_YOUR ASSIGNMENT:_ Using the listing below, print exactly everything from the line with "collins_aerospace_resume_review_sept_28-1.png" down to the line with "The Surrender of", both included, and nothing more.

-- Opening Marker --

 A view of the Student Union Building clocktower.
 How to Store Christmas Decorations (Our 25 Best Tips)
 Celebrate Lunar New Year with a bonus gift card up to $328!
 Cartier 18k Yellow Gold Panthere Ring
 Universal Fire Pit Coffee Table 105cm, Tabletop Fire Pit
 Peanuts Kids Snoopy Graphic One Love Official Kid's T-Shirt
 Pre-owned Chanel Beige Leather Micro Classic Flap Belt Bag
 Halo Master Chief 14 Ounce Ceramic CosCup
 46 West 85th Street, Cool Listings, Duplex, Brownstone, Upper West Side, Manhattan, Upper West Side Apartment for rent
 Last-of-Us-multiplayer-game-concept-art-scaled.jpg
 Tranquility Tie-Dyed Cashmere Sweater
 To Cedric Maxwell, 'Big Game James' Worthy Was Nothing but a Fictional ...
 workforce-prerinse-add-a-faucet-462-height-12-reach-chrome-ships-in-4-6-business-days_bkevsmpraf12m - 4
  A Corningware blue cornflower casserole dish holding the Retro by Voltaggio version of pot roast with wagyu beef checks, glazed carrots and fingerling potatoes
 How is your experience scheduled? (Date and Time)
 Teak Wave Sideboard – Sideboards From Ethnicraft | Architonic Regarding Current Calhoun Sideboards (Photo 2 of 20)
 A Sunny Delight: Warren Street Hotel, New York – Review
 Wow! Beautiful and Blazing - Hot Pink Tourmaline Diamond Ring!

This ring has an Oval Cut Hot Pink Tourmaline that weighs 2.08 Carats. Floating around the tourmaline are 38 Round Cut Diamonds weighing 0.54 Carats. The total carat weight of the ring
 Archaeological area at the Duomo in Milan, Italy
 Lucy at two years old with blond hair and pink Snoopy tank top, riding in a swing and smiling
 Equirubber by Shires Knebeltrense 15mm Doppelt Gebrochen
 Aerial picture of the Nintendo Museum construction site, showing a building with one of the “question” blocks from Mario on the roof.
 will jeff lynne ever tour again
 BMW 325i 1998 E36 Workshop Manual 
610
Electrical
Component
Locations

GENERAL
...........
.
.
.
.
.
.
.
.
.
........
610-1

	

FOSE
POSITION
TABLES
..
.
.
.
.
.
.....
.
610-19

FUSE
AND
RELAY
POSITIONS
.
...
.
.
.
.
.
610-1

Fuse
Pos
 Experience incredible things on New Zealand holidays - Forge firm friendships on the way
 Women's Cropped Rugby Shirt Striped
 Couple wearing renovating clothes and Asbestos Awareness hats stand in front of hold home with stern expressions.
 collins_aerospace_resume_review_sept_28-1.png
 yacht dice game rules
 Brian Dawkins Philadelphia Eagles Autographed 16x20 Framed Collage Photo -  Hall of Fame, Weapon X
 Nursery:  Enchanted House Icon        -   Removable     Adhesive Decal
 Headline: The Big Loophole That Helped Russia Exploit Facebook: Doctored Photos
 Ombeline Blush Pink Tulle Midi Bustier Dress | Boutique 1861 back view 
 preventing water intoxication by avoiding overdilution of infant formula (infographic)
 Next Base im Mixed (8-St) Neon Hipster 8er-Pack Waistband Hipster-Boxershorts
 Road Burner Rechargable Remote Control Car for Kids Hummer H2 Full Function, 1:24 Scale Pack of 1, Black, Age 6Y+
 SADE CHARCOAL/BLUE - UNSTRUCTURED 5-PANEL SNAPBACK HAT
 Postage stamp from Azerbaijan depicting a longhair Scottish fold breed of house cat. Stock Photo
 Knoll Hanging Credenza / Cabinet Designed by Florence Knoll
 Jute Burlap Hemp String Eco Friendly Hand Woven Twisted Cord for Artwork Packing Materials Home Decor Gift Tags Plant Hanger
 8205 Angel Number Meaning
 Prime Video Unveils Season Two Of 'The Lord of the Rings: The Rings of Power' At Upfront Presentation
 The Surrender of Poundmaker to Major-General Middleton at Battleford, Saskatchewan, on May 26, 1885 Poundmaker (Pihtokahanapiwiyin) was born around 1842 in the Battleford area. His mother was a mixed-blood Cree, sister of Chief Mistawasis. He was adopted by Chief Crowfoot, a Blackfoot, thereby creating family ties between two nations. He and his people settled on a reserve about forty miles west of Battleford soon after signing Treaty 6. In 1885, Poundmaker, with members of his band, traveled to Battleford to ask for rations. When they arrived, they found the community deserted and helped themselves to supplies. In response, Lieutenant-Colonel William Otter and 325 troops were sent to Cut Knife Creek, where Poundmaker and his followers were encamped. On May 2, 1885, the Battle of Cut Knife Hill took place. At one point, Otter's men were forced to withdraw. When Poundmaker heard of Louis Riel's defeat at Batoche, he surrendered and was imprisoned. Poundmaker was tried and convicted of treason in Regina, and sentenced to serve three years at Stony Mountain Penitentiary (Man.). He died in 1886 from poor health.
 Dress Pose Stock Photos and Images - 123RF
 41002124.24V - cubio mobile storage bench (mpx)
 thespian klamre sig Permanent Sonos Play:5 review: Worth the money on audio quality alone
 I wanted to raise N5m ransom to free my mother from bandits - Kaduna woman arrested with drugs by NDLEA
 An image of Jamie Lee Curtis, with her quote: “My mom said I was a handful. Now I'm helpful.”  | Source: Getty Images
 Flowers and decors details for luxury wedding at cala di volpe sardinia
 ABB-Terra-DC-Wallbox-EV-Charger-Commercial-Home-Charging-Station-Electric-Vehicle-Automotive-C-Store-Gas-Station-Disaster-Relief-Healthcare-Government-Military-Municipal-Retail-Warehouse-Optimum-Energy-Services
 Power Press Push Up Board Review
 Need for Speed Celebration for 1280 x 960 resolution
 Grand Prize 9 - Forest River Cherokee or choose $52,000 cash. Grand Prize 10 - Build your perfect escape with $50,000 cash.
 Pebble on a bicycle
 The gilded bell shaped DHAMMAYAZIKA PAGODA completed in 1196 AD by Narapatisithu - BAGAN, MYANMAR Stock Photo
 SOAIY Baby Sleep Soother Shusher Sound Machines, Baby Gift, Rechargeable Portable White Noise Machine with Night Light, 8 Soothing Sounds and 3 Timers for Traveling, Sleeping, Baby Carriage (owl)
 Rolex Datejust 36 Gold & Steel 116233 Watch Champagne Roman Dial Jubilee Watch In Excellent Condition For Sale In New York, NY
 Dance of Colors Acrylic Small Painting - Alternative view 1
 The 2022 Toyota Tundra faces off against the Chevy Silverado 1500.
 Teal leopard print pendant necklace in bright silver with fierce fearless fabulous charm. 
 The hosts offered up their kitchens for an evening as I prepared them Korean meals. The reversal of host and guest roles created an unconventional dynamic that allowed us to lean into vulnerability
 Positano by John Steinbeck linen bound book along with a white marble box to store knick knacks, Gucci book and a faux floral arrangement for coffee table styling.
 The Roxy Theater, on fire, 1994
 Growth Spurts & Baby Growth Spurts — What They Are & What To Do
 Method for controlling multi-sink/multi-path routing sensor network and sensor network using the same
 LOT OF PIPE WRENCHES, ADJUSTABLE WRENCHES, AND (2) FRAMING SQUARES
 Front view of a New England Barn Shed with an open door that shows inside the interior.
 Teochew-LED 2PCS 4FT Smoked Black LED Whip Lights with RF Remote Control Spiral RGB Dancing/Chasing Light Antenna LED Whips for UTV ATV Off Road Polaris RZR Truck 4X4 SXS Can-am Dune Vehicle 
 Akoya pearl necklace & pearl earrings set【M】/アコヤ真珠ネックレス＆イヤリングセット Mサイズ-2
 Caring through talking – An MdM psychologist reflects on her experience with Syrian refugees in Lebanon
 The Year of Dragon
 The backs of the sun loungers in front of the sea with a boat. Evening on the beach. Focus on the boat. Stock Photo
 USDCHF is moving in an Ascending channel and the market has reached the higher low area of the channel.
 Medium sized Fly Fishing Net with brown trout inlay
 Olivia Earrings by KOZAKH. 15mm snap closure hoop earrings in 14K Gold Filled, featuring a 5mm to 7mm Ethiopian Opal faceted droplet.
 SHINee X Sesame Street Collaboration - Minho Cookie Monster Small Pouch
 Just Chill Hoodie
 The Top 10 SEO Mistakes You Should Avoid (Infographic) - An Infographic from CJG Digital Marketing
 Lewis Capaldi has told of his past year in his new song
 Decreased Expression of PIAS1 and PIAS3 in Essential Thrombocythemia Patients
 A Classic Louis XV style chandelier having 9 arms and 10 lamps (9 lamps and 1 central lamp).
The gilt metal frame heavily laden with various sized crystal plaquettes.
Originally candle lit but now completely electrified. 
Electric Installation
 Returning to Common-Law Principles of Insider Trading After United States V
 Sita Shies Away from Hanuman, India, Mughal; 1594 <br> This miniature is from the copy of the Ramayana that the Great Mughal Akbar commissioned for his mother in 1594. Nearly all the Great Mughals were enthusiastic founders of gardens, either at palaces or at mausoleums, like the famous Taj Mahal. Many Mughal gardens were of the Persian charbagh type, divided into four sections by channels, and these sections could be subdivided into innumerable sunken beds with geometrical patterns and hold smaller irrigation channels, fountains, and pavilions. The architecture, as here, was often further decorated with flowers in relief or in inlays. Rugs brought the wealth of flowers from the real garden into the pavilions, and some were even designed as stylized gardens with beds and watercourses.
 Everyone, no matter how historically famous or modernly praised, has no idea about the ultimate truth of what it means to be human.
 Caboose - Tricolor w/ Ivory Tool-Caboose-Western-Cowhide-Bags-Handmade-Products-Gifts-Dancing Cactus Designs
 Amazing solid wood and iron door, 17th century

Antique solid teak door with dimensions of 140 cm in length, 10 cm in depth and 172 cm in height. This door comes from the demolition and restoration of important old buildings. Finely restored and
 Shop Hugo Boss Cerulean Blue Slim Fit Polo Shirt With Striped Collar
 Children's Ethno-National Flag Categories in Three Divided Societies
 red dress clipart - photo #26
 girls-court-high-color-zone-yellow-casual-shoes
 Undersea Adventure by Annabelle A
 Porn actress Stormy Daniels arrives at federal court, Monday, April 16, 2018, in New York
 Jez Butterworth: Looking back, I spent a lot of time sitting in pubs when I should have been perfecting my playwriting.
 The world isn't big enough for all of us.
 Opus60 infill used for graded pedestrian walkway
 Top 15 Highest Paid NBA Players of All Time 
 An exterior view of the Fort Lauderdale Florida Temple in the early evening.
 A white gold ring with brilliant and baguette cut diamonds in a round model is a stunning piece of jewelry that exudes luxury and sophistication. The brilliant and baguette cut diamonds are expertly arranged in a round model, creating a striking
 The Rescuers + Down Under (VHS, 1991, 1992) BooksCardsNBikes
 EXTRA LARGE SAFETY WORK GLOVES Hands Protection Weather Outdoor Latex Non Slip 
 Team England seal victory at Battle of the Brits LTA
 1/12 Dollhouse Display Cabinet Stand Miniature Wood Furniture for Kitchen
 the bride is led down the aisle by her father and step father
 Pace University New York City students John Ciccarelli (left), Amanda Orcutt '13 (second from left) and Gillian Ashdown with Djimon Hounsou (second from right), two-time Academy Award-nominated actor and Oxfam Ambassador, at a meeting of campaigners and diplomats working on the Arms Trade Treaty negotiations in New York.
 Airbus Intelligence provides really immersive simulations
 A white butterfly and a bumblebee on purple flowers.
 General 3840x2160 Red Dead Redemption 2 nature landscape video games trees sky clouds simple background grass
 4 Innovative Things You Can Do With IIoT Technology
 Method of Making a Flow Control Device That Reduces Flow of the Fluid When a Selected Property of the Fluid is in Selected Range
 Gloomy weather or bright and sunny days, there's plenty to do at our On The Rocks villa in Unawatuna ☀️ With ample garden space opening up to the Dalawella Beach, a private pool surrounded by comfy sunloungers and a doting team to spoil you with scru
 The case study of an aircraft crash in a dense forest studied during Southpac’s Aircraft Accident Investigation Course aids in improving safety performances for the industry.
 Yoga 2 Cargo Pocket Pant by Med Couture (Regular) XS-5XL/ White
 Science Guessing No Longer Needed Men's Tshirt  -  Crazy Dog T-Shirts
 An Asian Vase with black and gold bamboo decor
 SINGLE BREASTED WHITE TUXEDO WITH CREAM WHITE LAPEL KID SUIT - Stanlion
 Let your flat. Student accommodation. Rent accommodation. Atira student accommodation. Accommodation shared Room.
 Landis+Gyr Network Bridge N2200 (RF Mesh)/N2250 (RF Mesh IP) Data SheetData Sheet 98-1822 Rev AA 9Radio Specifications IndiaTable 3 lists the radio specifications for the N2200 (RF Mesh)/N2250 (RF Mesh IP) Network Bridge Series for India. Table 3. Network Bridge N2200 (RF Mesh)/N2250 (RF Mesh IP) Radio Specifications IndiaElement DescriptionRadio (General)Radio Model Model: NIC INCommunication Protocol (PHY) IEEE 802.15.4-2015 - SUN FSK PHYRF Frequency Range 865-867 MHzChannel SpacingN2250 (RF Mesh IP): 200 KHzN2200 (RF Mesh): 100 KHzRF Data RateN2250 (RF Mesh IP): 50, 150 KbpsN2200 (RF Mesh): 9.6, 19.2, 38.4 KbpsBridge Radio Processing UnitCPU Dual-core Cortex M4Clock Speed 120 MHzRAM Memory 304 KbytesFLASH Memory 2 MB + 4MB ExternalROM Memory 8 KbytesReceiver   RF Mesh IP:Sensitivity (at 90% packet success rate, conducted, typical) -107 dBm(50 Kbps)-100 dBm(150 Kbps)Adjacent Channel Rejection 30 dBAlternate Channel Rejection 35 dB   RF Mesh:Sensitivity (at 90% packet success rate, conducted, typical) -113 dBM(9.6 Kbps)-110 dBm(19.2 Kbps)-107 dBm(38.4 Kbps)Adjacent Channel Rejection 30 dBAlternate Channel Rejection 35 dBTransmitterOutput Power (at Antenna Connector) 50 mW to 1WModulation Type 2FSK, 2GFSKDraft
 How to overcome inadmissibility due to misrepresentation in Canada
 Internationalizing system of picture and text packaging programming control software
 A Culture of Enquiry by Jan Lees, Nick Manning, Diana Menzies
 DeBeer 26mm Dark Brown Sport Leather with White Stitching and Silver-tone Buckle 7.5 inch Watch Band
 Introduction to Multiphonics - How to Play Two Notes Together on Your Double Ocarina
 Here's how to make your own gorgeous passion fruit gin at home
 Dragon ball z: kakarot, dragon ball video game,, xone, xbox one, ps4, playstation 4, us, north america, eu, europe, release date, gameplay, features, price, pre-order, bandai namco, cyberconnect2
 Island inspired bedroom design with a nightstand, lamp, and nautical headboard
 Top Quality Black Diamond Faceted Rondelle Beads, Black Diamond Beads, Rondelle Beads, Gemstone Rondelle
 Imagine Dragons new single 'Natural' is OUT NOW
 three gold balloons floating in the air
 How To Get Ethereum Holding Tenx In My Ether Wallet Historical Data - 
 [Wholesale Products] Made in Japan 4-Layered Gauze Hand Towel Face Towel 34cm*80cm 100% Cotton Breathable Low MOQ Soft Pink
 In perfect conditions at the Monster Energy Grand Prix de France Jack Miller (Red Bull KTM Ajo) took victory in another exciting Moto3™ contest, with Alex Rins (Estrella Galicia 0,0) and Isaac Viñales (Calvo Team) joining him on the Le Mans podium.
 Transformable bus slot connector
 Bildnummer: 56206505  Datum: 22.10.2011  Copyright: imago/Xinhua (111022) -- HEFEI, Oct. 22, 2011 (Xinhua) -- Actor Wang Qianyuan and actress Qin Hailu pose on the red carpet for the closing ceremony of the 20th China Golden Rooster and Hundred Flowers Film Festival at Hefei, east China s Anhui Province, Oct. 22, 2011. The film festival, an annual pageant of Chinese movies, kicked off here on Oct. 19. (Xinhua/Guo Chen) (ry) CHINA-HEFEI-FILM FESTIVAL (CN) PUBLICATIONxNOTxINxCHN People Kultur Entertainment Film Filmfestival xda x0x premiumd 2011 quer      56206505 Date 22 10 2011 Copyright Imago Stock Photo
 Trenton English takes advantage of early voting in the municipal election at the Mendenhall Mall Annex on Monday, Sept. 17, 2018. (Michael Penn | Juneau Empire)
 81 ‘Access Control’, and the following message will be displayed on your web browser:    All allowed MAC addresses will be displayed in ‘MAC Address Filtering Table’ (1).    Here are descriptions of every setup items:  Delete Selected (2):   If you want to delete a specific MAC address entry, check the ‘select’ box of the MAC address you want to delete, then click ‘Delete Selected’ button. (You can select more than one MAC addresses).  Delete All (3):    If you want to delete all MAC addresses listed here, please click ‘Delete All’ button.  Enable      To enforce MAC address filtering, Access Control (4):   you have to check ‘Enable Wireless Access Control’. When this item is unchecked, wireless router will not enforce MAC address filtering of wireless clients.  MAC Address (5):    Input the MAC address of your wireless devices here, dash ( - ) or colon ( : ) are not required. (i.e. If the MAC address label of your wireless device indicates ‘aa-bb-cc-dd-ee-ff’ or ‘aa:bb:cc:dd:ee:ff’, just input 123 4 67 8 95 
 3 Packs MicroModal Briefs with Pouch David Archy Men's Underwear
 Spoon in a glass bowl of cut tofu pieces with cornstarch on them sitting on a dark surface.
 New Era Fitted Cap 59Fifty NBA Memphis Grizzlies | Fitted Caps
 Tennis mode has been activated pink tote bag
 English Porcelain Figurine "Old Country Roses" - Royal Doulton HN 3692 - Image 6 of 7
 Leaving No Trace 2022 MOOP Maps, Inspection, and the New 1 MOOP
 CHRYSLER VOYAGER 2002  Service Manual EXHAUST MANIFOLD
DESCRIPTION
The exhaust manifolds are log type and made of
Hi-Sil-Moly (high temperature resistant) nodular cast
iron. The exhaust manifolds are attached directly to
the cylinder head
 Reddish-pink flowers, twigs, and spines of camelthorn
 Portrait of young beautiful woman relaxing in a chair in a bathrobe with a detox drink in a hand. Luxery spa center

-- Closing Marker --

_RESULT:_
 collins_aerospace_resume_review_sept_28-1.png
 yacht dice game rules
 Brian Dawkins Philadelphia Eagles Autographed 16x20 Framed Collage Photo -  Hall of Fame, Weapon X
 Nursery:  Enchanted House Icon        -   Removable     Adhesive Decal
 Headline: The Big Loophole That Helped Russia Exploit Facebook: Doctored Photos
 Ombeline Blush Pink Tulle Midi Bustier Dress | Boutique 1861 back view 
 preventing water intoxication by avoiding overdilution of infant formula (infographic)
 Next Base im Mixed (8-St) Neon Hipster 8er-Pack Waistband Hipster-Boxershorts
 Road Burner Rechargable Remote Control Car for Kids Hummer H2 Full Function, 1:24 Scale Pack of 1, Black, Age 6Y+
 SADE CHARCOAL/BLUE - UNSTRUCTURED 5-PANEL SNAPBACK HAT
 Postage stamp from Azerbaijan depicting a longhair Scottish fold breed of house cat. Stock Photo
 Knoll Hanging Credenza / Cabinet Designed by Florence Knoll
 Jute Burlap Hemp String Eco Friendly Hand Woven Twisted Cord for Artwork Packing Materials Home Decor Gift Tags Plant Hanger
 8205 Angel Number Meaning
 Prime Video Unveils Season Two Of 'The Lord of the Rings: The Rings of Power' At Upfront Presentation
 The Surrender of Poundmaker to Major-General Middleton at Battleford, Saskatchewan, on May 26, 1885 Poundmaker (Pihtokahanapiwiyin) was born around 1842 in the Battleford area. His mother was a mixed-blood Cree, sister of Chief Mistawasis. He was adopted by Chief Crowfoot, a Blackfoot, thereby creating family ties between two nations. He and his people settled on a reserve about forty miles west of Battleford soon after signing Treaty 6. In 1885, Poundmaker, with members of his band, traveled to Battleford to ask for rations. When they arrived, they found the community deserted and helped themselves to supplies. In response, Lieutenant-Colonel William Otter and 325 troops were sent to Cut Knife Creek, where Poundmaker and his followers were encamped. On May 2, 1885, the Battle of Cut Knife Hill took place. At one point, Otter's men were forced to withdraw. When Poundmaker heard of Louis Riel's defeat at Batoche, he surrendered and was imprisoned. Poundmaker was tried and convicted of treason in Regina, and sentenced to serve three years at Stony Mountain Penitentiary (Man.). He died in 1886 from poor health.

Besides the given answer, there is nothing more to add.